Jan Wojciech Balicki was born in 1869 in Rzeszów to Mikołaja Balicki. During his childhood he underwent studies at school in Rzeszow from 1876 to 1888. He commenced his studies for the priesthood in September 1888.

Balicki was ordained to the priesthood on 20 July 1892 and was then sent to Polna where he was stationed for fifteen months, garnering a reputation as a gifted preacher, until he went for further studies at the Pontifical Gregorian University in Rome from 1893 until 1897. It was there that he graduated in philosophical studies and in canon law in addition to receiving a doctorate in his theological studies. It was also there that he studied and focused on Thomas Aquinas and during his free time went to the churches of the saints and the apostles — he also came to the realization that science could in fact also lead a man to God.

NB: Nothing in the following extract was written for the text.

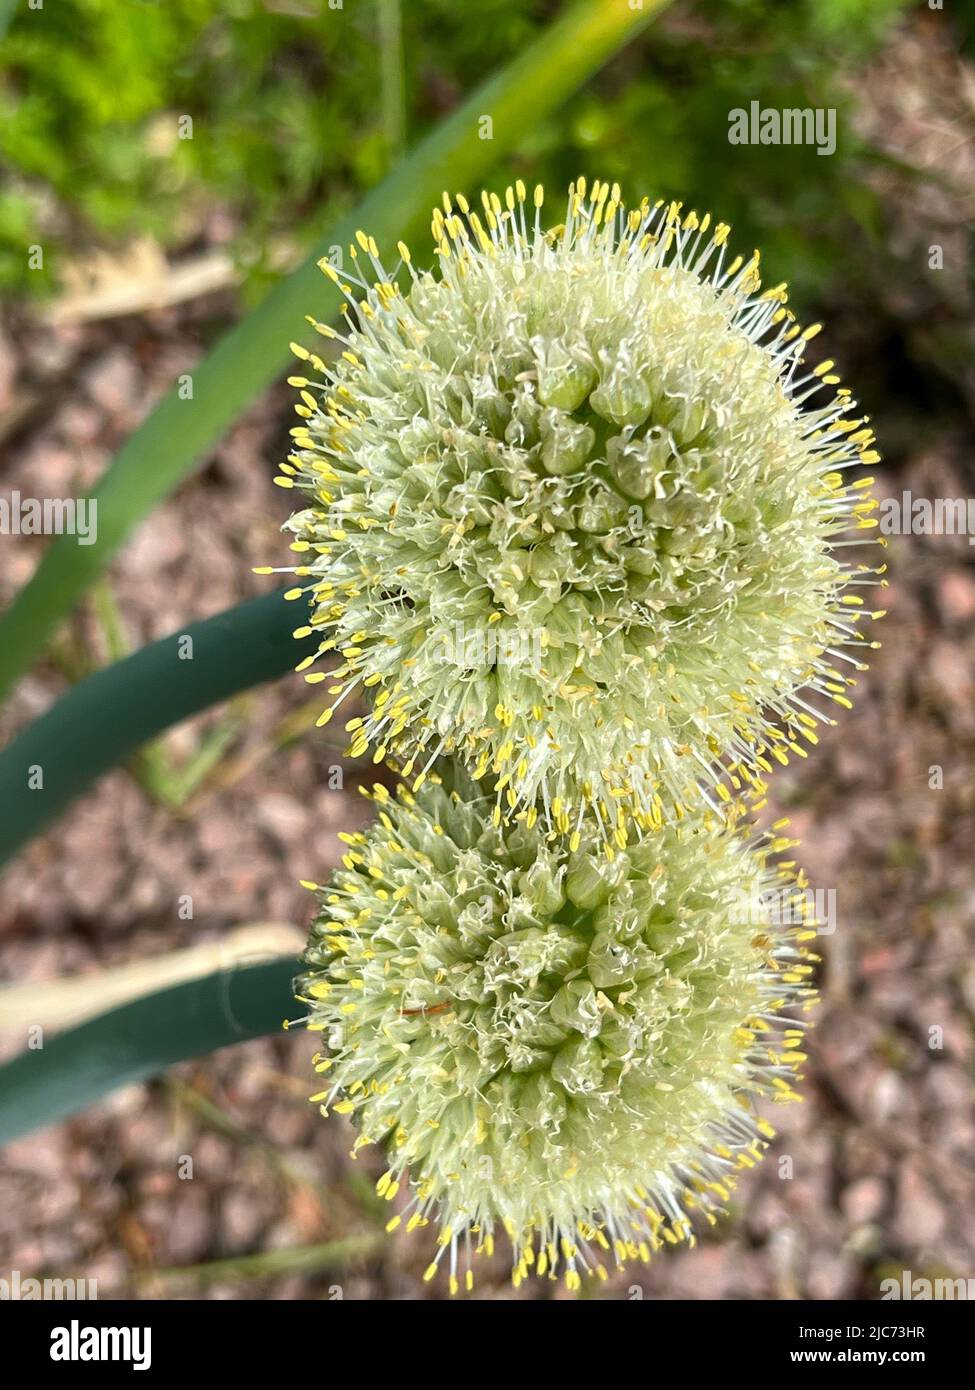 Welsh onion - Allium fistulosum - Frühlingszwiebel - ciboule Stock Photo

His return home saw him go back to where he studied as a priest and he taught dogmatic theological studies from 1897. He was made its prefect of studies and held the post until 1897 to 1900 and then later its vice-rector in 1927 until he was made the rector in 1928; he resigned all posts after a bout of ill health in 1934 but continued to live there. However Balicki continued to serve as a confessor and as a spiritual director to seminarians. Among those that he had taught were the Bb. Władysław Findysz (also serving as his spiritual aide) and Stanislaus Kolodziej.

In the second half of February 1948 he was diagnosed with bilateral pneumonia and tuberculosis in its advanced stage. Balicki died in hospital on 15 March 1948 of both tuberculosis and pneumonia and is buried in the Cathedral of the Assumption of the Blessed Virgin Mary and St. John the Baptist.

===Legacy===
On 22 December 1975 the Cardinal Archbishop of Kraków Karol Józef Wojtyła – the future Pope John Paul II – wrote to Pope Paul VI asking the pontiff to hold Balicki up as a model for priests in the modern era.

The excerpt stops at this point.